Trauma survivors have good days and bad days. On the bad days, you may not feel like doing normal tasks and find yourself feeling a little short-fused. You also deal with triggers that can set your emotions into a whirl. Perhaps you are having a good day and you see something that reminds you of your experience and it sends you into a fog. These reactions can make you worry that your partner will not want to deal with your irritability and unstable emotions.

Let's talk about some things that can help you in your relationships after trauma. Understanding and accepting that bad days will happen is key. When those days crop up, communicate with your partner that you are having a bad day so they are aware and may show more empathy.


Try soothing techniques to calm yourself. Focus on your senses instead of the irrational thoughts that are going through your head. Go for a walk and try to notice small details, like the colors of a bird or how the wind feels on your face.

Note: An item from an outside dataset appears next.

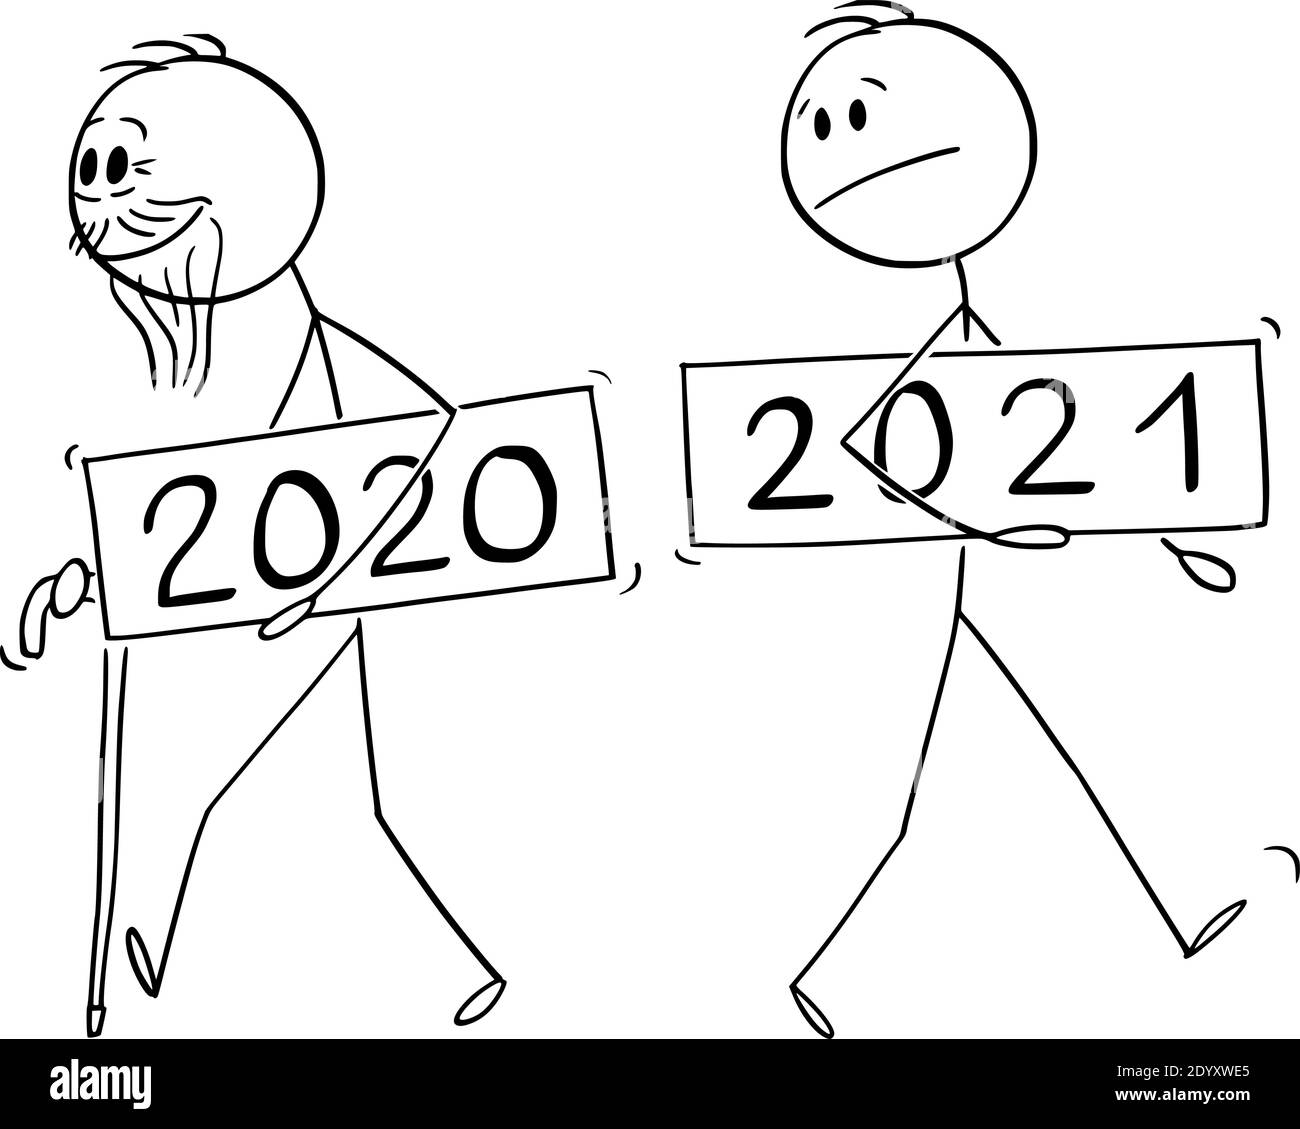 Vector cartoon stick figure illustration of old man year 2020 is leaving, new year 2021 is incoming. Stock Vector

Some have found the 5-4-3-2-1 method to be helpful. This is where you recognize 5 things you can see, 4 things you can feel, 3 things you can hear, 2 things you can smell, and 1 thing you can taste.

Next is knowing your triggers. As you learn what they are it becomes easier to jump out in front of them and prevent yourself from succumbing to them. Also sharing your triggers with your partner can be helpful so they can help you avoid them.

Healthy relationships are key to our healing journey. Take the leap and be open with your partner about your experience. Help them to understand what you are going through so they are more equipped to support you. Have compassion for yourself as you would have for others that might experience what you have been through. Take a deep breath and know that you are loved.